In this parish printing has gradually been transformed from a medieval mystery into a mind-moulding mass communicator. And now there are new technologies, Radio & Television, computers & the internet, mobile phones & GPRS which will inevitably affect the way people receive their daily news, and the sources they look to access information, seek entertainment and find out what is going on in the world.

But however the media develop, whatever new technologies are employed, they all use words & images to communicate with us. Still after 5 centuries the power of the Word, printed, spoken, texted - is very strong & very pervasive to communicate facts & ideas & to mould our minds. "In the beginning", we heard in the Gospel reading, "was the Word". The 'Word' for St John meant the divine principle which gives unity & significance to everything and by which everything is made.

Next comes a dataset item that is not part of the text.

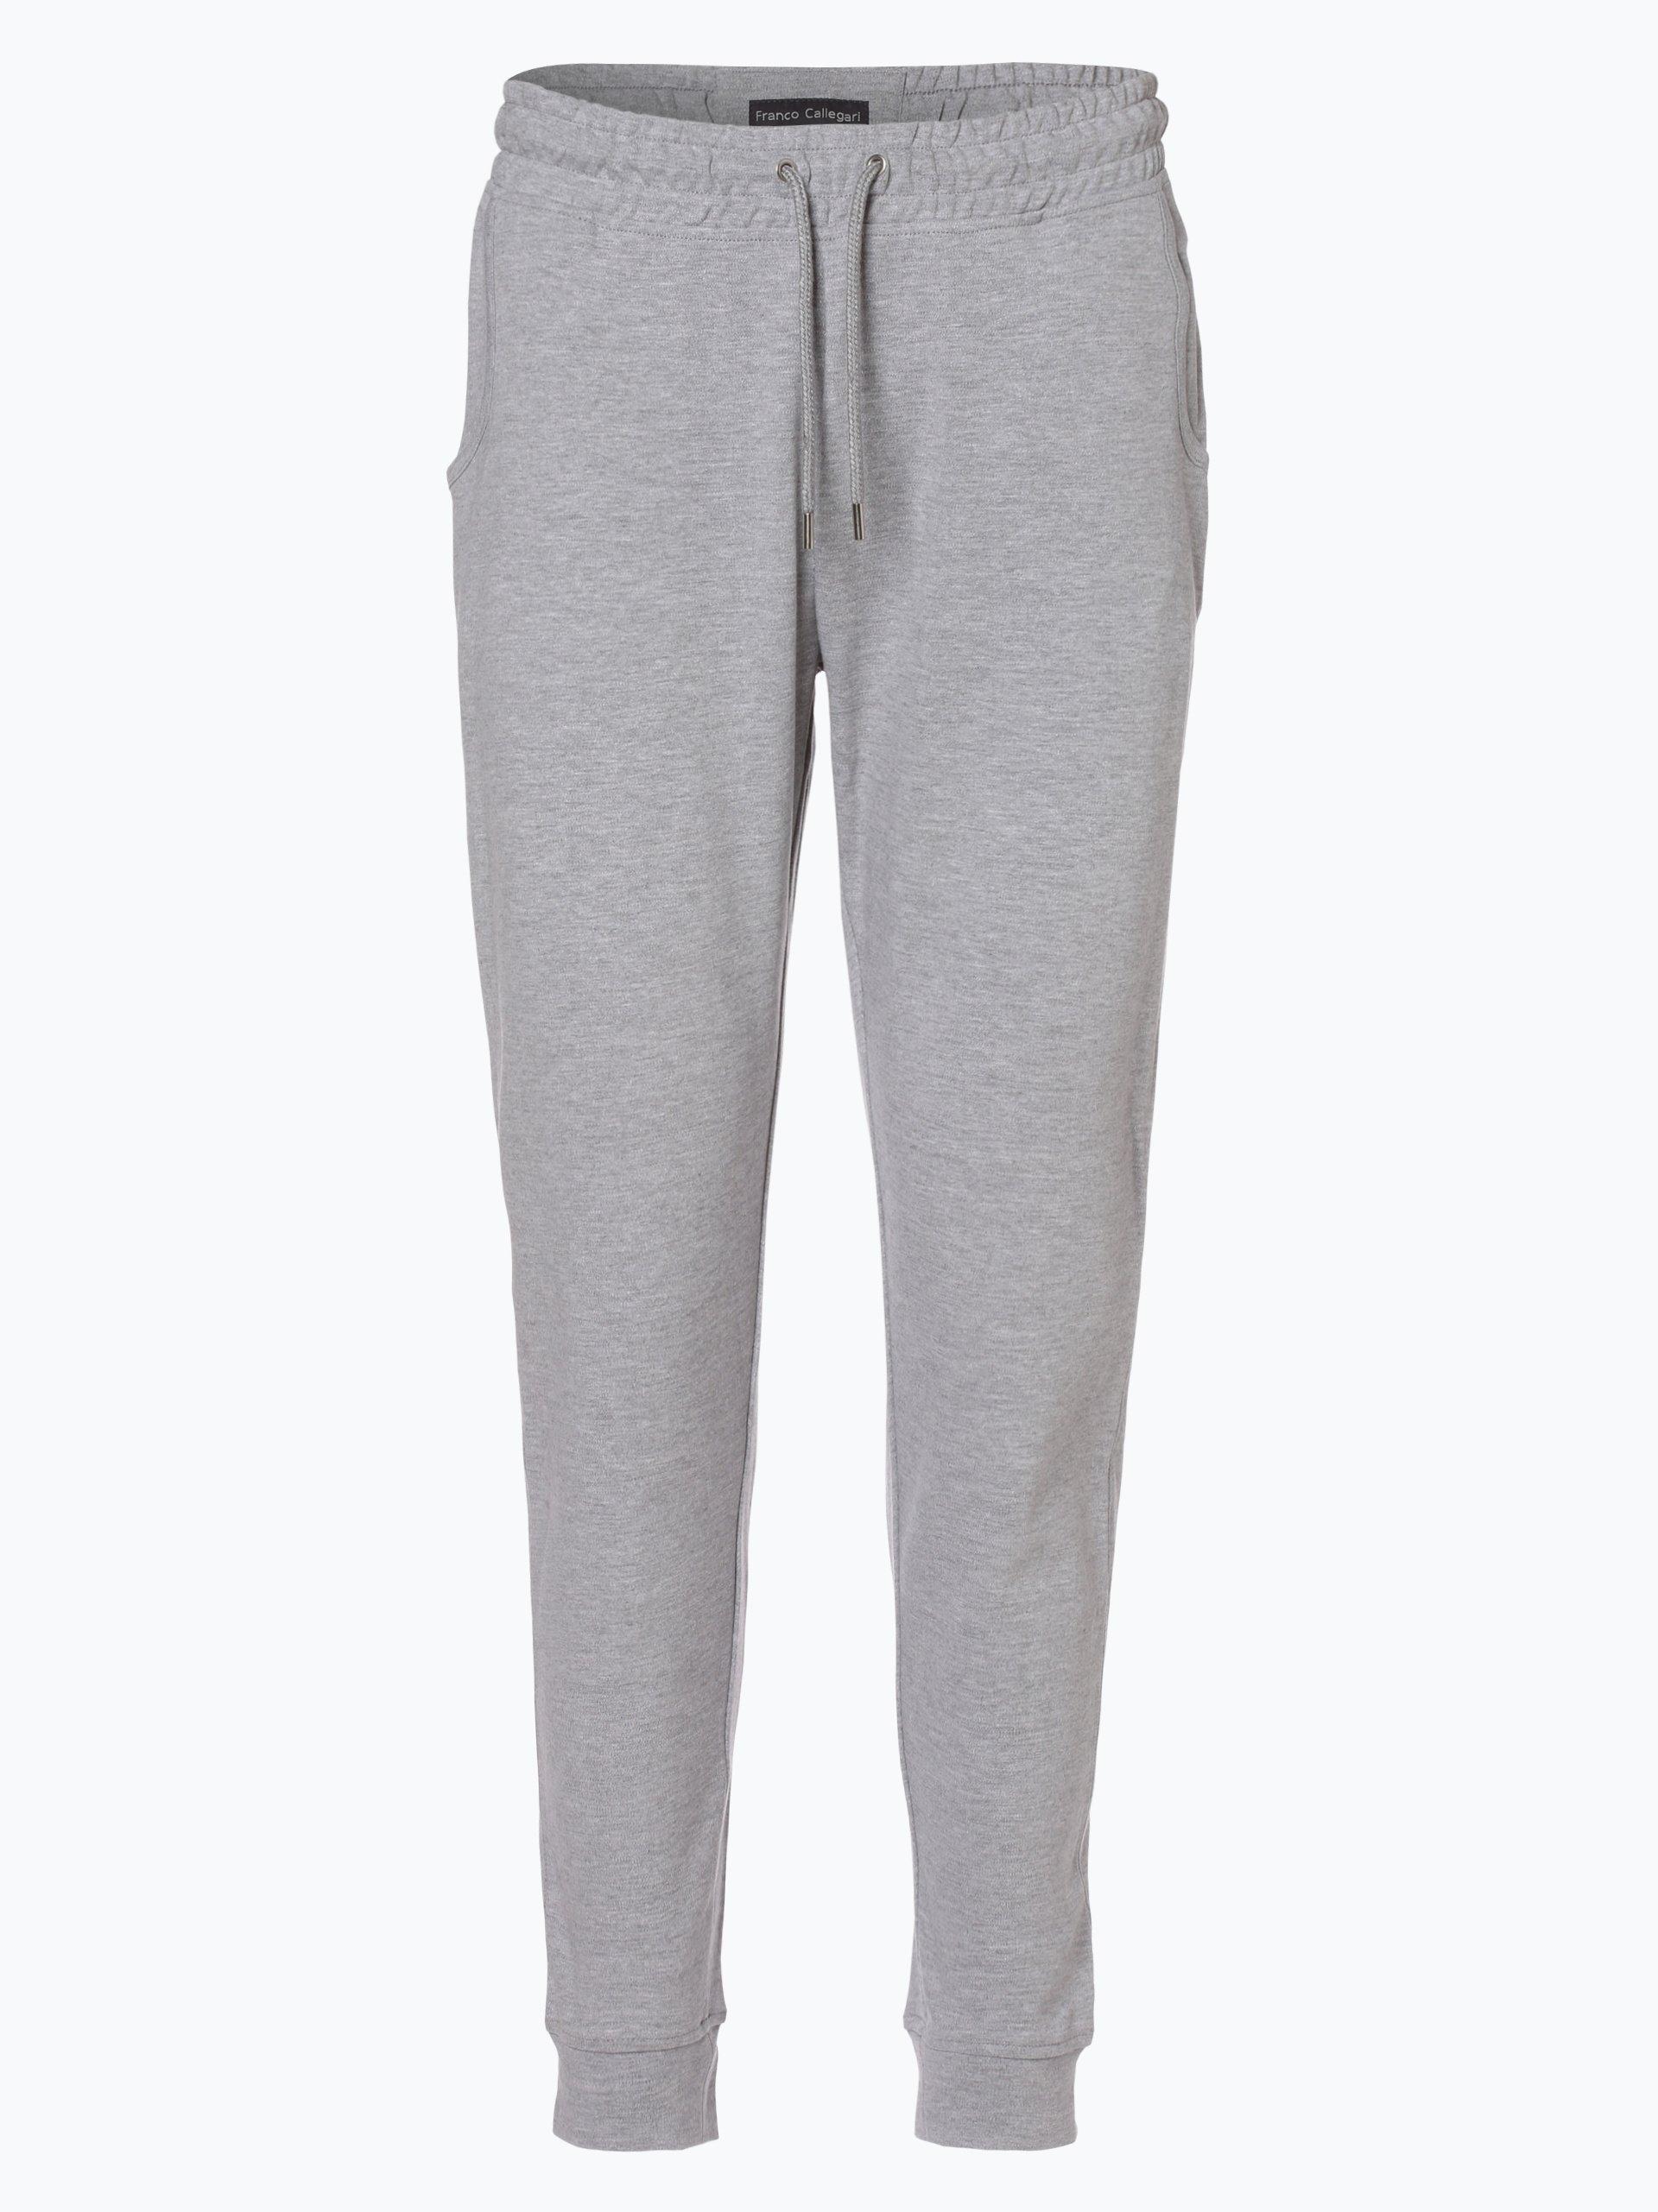 Franco Callegari Damskie spodnie dresowe

It brings life & energy and it dispels darkness. As today we celebrate our harvest of the printed word, we are challenged by the Gospel to reconcile all our words with the Word that is God, the God-made-flesh in Jesus Christ.

What might that mean in today's media world? Lord Puttnam said recently that the media should take much more seriously its role in creating a civil society that we can be proud of, but he added that what is missing at the moment is any consensus about the form of society of which we want to be a part. The philosopher Alastair MacIntyre once said that the right question to ask of any institution is "Of what conversations is it the arena? "So perhaps one way of reconciling the millions of words used in the media with the Word that is God would be for the media - newspapers & TV - to truly be the arena of our shared public conversation on who we are and what kind of world we seek to hand on to future generations. They should have space for stories that enlarge the moral imagination; they should be bold enough to give a hearing to voices that challenge the ruthless imperialism of political correctness; they should be able to include stories that provoke and enhance the society of which we are all a part, and to help foster a sense of community; and they should be unafraid, in the true tradition of Lord Reith, to claim the high ground of moral wisdom and idealism. To the extent that the press & newspapers do this (and many already do), they are helping to create a better-informed , more coherent, freer, more sensitive & gracious society, and are playing a direct role as agents of God's Kingdom.

As we reflect today and give thanks for our own story as the newspaper industry & on St Bride's part within it, and look ahead to the future, we ask for God's strength & inspiration that all our words may be worthy of the Eternal Word, that as St Paul the writer of 2 Timothy says - we may "hold fast the form of sound words."